The perspective missing from Charter’s erroneous statement of competition in video is that there are numerous silos out there, all of whom have select content. So it isn’t the silos that are competing against each other, it is the content they contain, which means there isn’t any actual competition between providers, but their products. Now if that content was distributed between each of the silos, equally, then we would have a market for competition between silos.

Anonymous Coward says:

One can only wish...

Dear Charter Communications,

We are sorry to see you go, but we sympathize with the difficulties you express.

We feel compelled to remind you that significant penalties will apply for early termination of the contract. There will be the Early Termination fee, the Right of Way Return fee, Disconnection fee, … and of course the Business Divestment Oversight fee as your remaining business is separated from that of what was Time Warner Cable, with the latter being sold on the auction block. And, of course, Late Fees will accrue if any of the above fees are not paid on time.
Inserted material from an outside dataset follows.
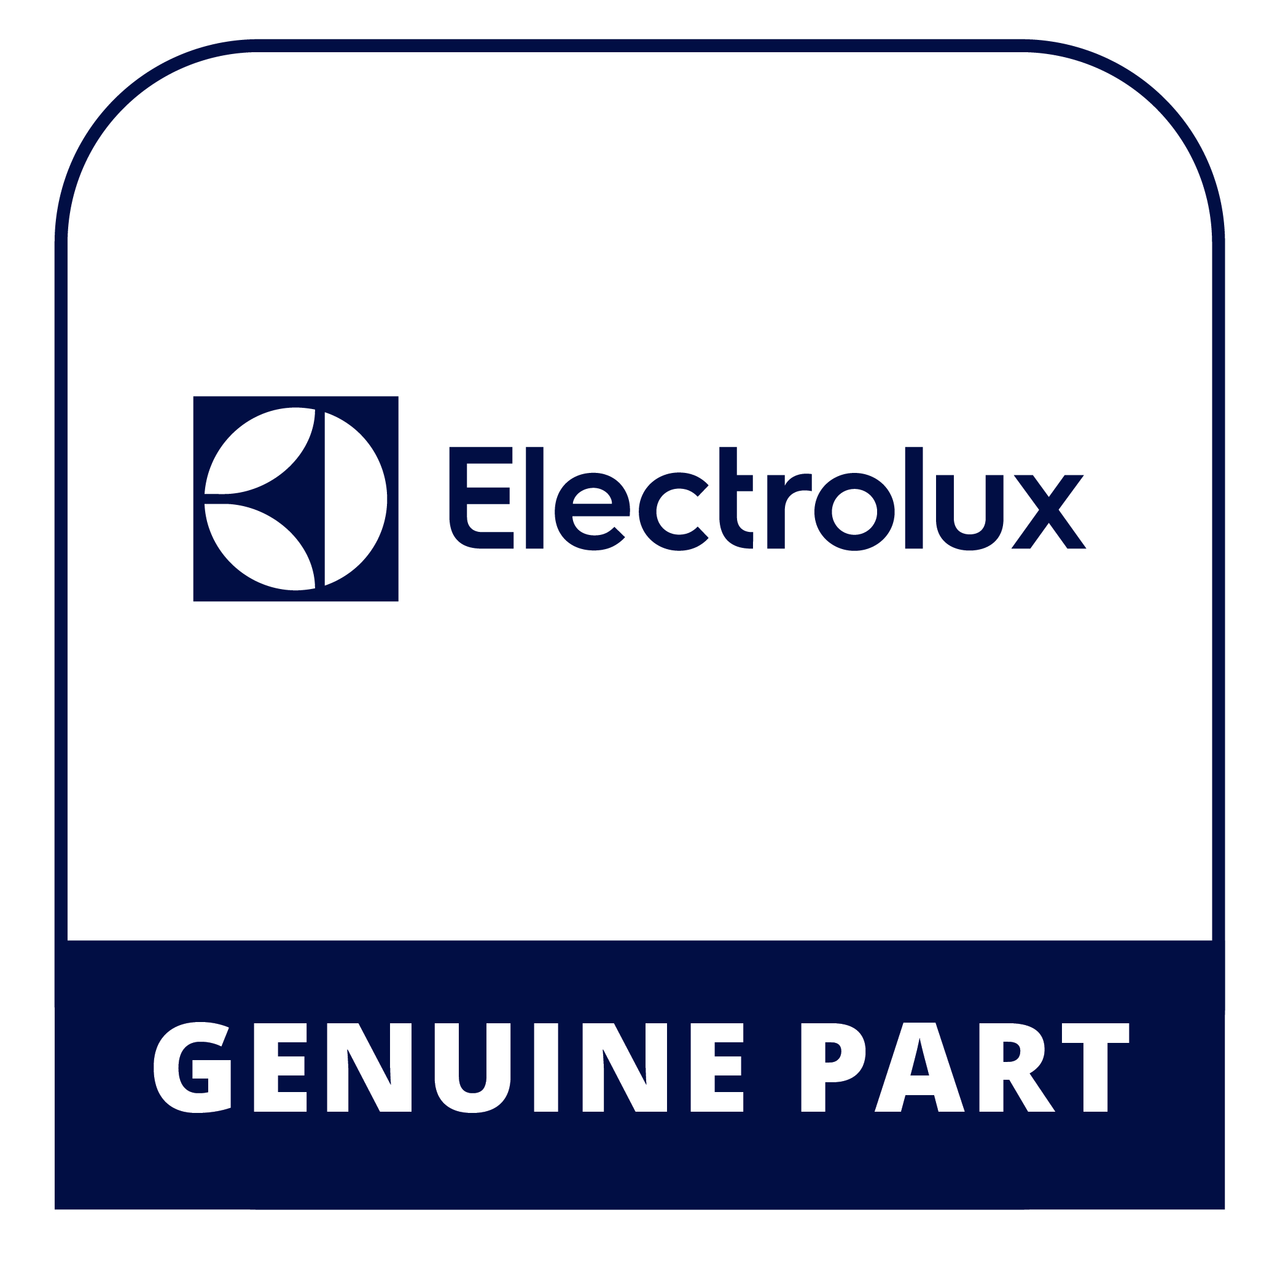 Frigidaire - Electrolux 5304493879 Crisper Pan Kit - Genuine Electrolux Part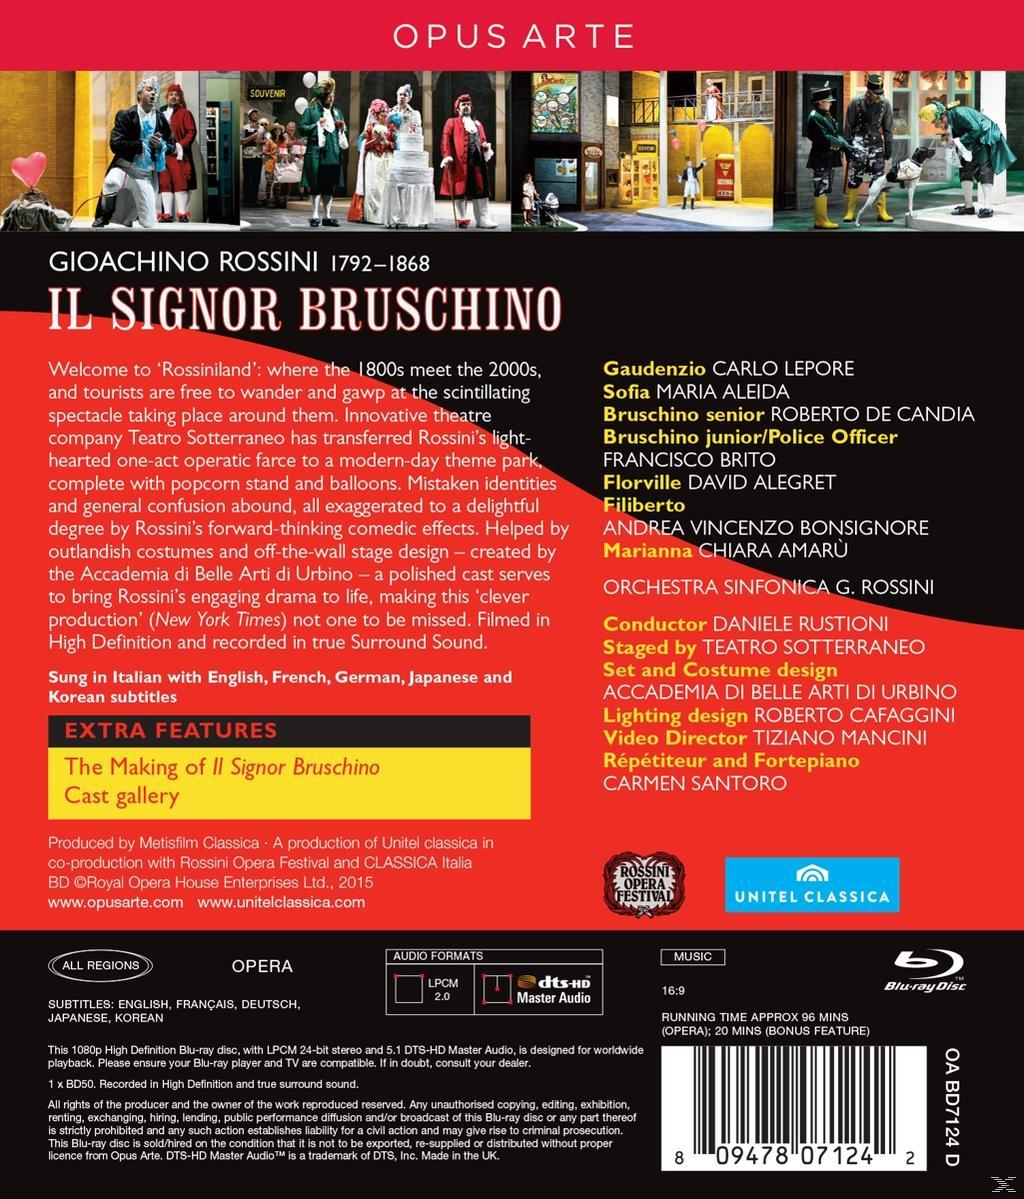 VARIOUS - Il Signor Bruschino - (Blu-ray)

All of which were spelled out in the merger contract you signed 4 years ago. As a courtesy, we have included a copy of the signed merger contract for your reference.

Sincerely,

The FCC

ABerCul says:

Running a Monopoly Without Being a Monopoly!

It should be illegal to FORCE consumers to pay high prices when it’s company is the ONLY option in the consumers area. I live on the east coast of NC and it’s not a small town but it is crowded from March to Nov. Spectrum is the ONLY broadband fibre-optic cable, internet, & telephone provider. PERIOD.. all others are all through Cell networks (great for calls/text most places, internet service is spotty in a lot of areas) or dial-up (slower than The Pitch Drop experiment). So my point is Spectrum may not be the only broadband fibre provider but they do run a monopoly without running a monopoly. Should be illegal to charge almost $200 a month cable tv, internet, telephone service. Which is why they also lose money. Cause I decided to reduce our bill by cutting out the cable tv part. Everything we like is on the internet to watch or rent cheap. So bill is $89 for the best internet they have (gaming gamers gotta game) and telephone service (btw telephone numbers that are through a cable provider do NOT work when the powers out, or if they are wireless, like they did when telephone was provided by a Telephone company like Bell. Don’t work when powers out because it uses electricity and telephone lines do not).

Just so sad that so many people are dying from hunger and suffering homelessness but these rich spend MILLONS on a painted piece of wood or canvas or so on (art), home after home, car after car, and indulge in their greed. They too will suffer!

Anyway it’s all pointless anyway because this will not be on my mind in the last moments of my life.